Coming Apart: The State of White America, 1960–2010
by Charles Murray
Crown Forum, 2012, 416 pp., $27

TAI Editor Adam Garfinkle: Thanks for sitting down with me, Dr. Murray. Let me say to start that while there are aspects of Coming Apart to which I take exception, I appreciate the main point—that class is not synonymous with race, and that culture more than class is what is increasingly dividing American society. Let me also say that I appreciate your honesty as a researcher, exemplified by the fact that you draw from diverse sources, whereas many of the people who criticize you don’t. In the section on social capital, for instance, you quote from Robert Putnam, Francis Fukuyama and Theda Scopkol, and you note favorably Richard Florida and Robert Reich, none of whom are libertarians.

Charles Murray: Thanks. You know, the epigraph to Part III is the Keynes quote, “When the facts change, I change my mind.” I then point out that, actually, we often don’t change our minds when we learn new facts, because we’re operating from first principles. But that doesn’t mean we have to close ourselves off to the wisdom of those with other points of view.

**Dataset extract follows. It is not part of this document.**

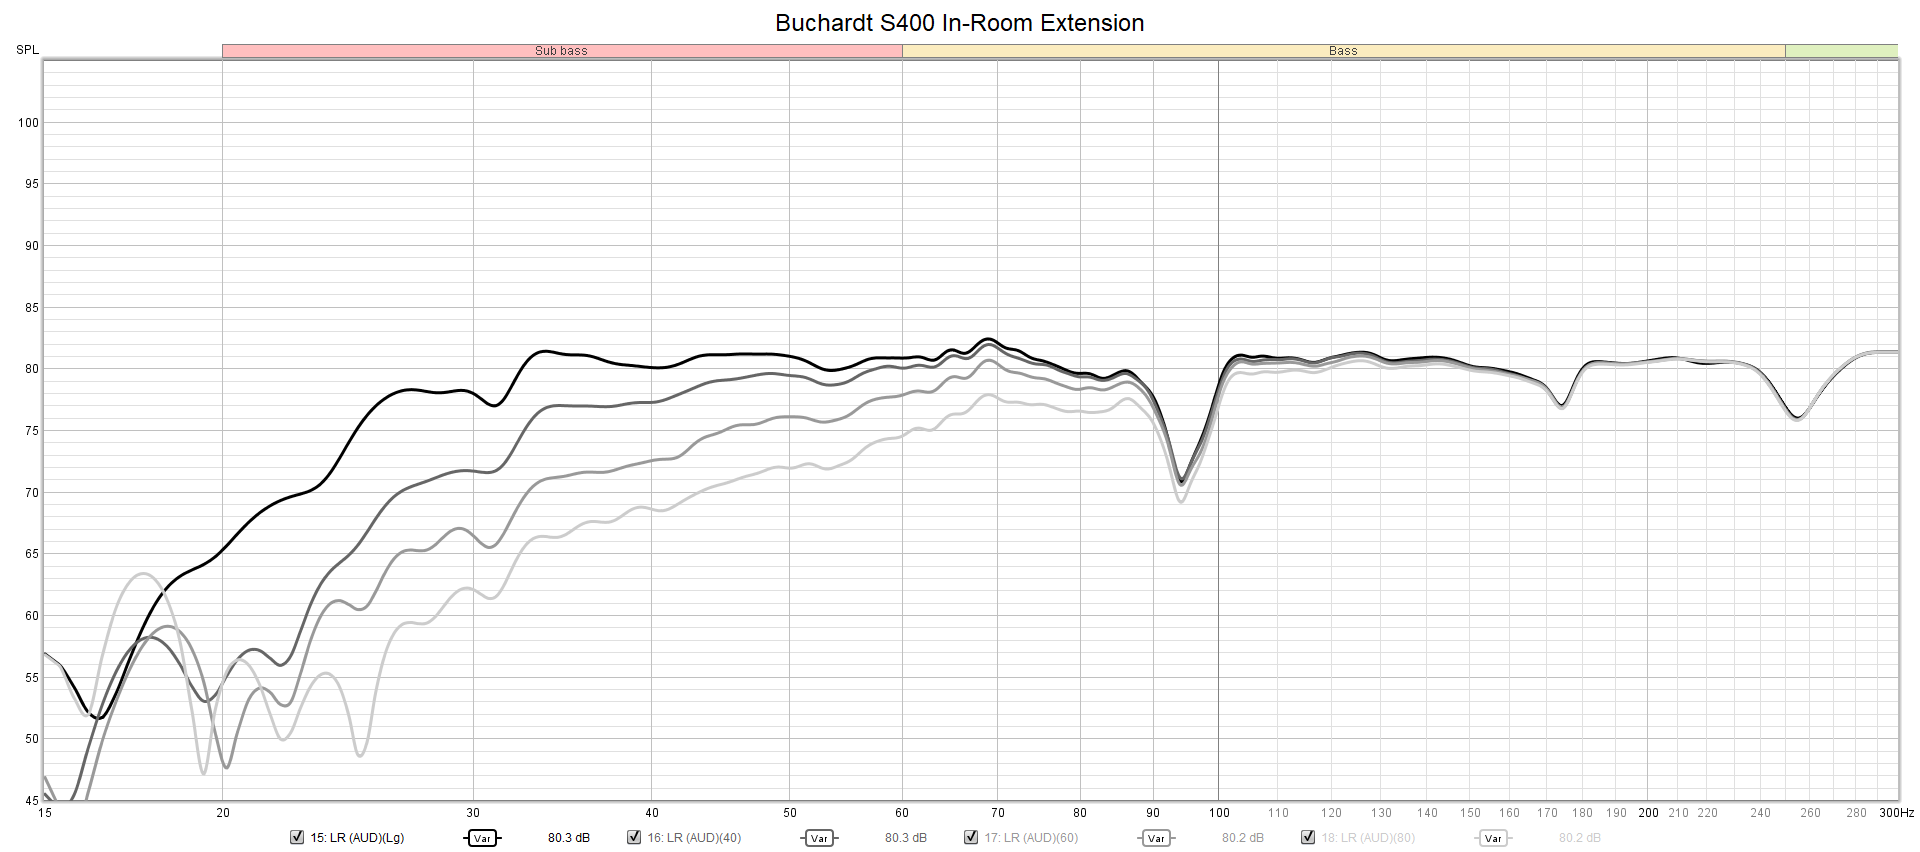 Buchardt S400 In-Room Extension.png
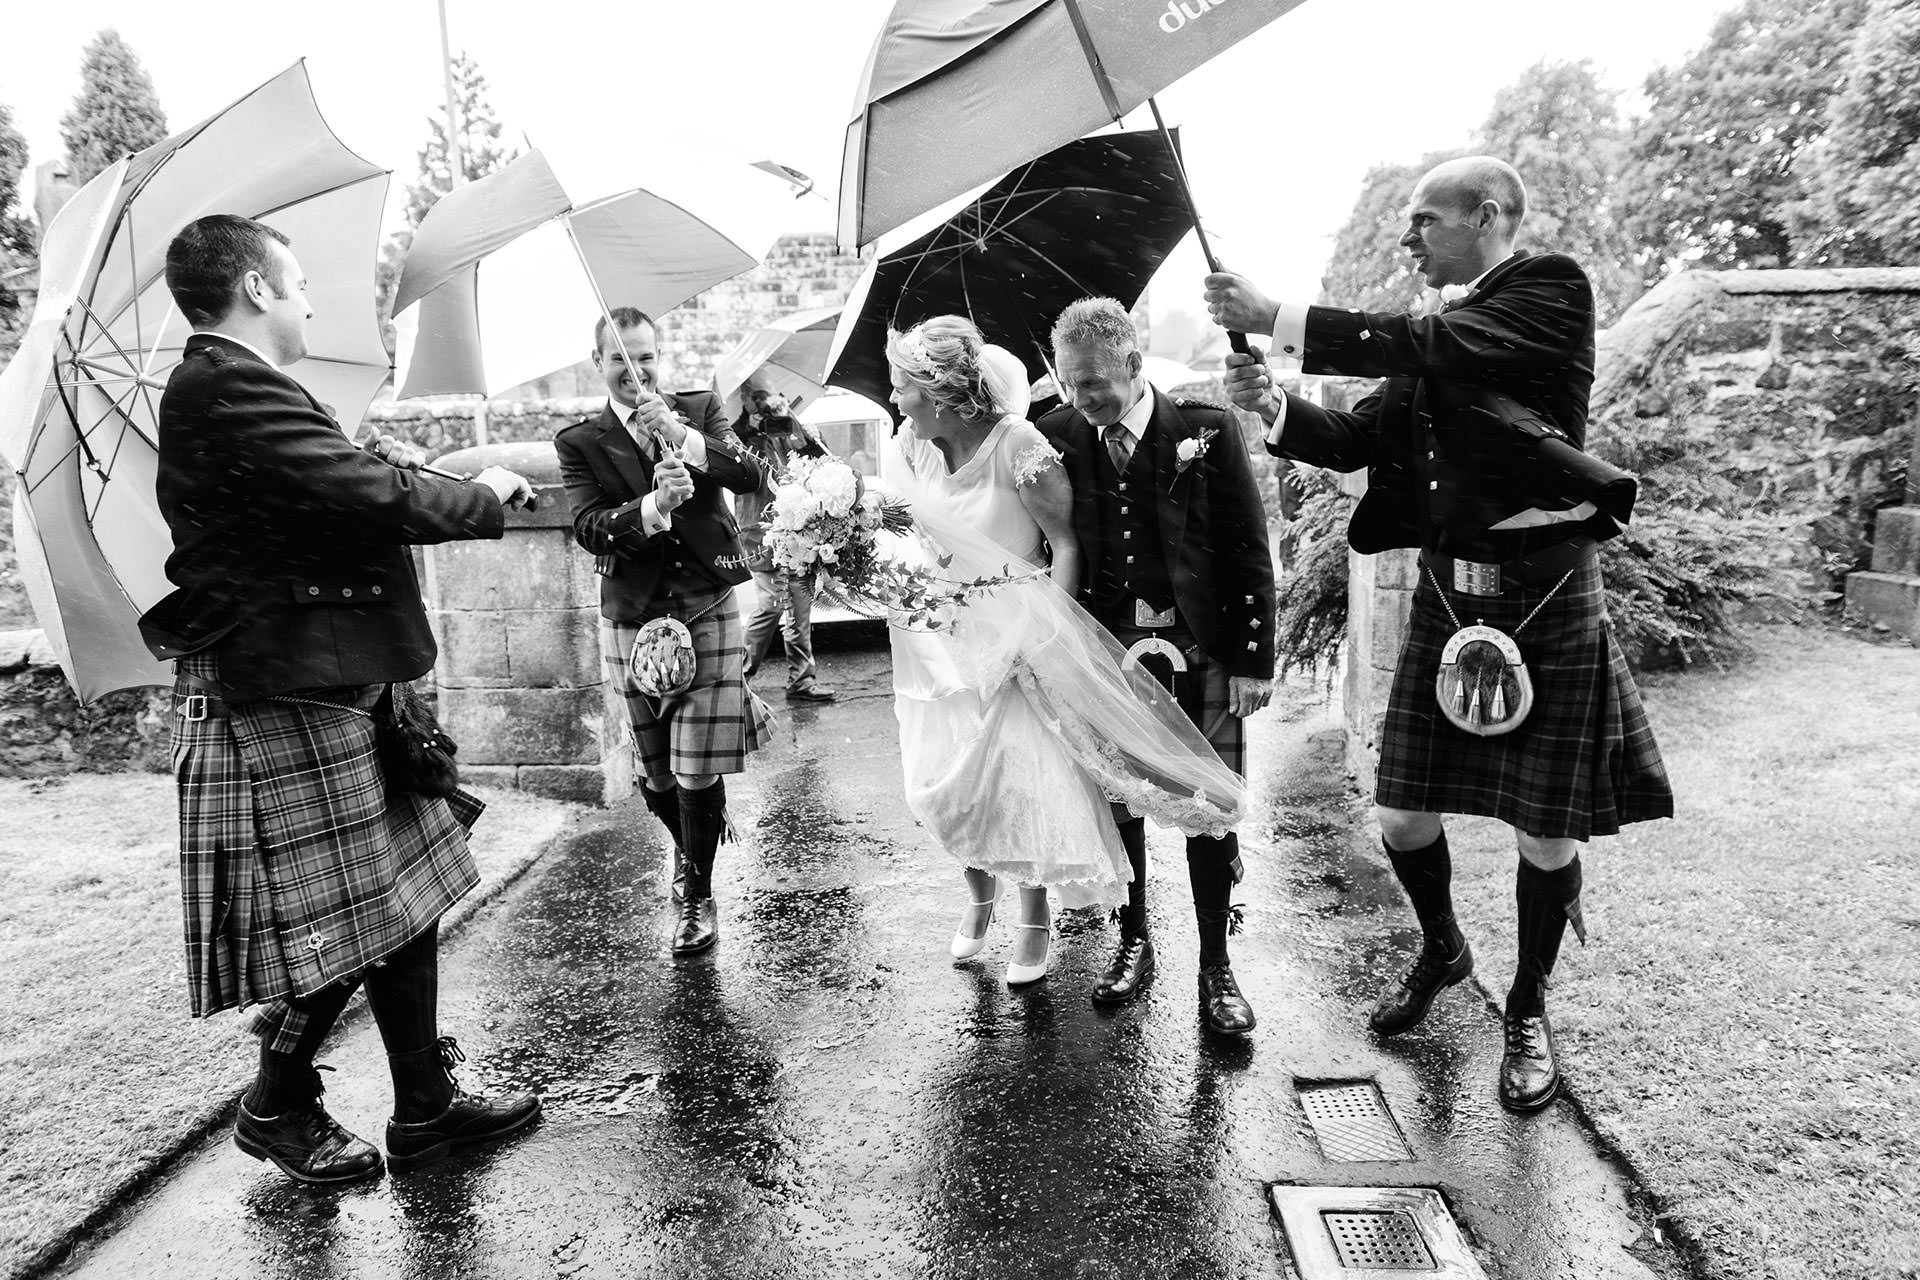 Suzanne Black, Wedding Photographer in Scotland

TAI: Perhaps you’ve paid a price for sticking to first principles. After all, you’re no stranger to controversy. What has surprised you most, and least, about the reaction to your book so far?

Charles Murray: I have to make a confession here: I don’t read reviews, and I don’t read about myself. My wife does, though, and so I have some sense of the reaction, but not in detail. Having said that, I love that some liberals, while rejecting my policies, acknowledge that I’m addressing a serious problem. That’s the reason I avoided bringing in the arguments from Losing Ground about underlying causes of class segregation, because I wanted liberals to read the book cover to cover rather than throw it against the wall. So I don’t think there are any cheap shots against the Left there.

I do wish that I had expanded my discussion of how changes in labor markets have impacted labor force participation. I thought my coverage of the topic was adequate as I was writing, but it deserved more, and I should have anticipated some of the objections to that section. But overall, this is the best reaction I’ve received to any of my books (except for Apollo, which is a different kettle of fish). Losing Ground received mainly critical reviews but managed to spark conversation; The Bell Curve was, of course, a train-wreck.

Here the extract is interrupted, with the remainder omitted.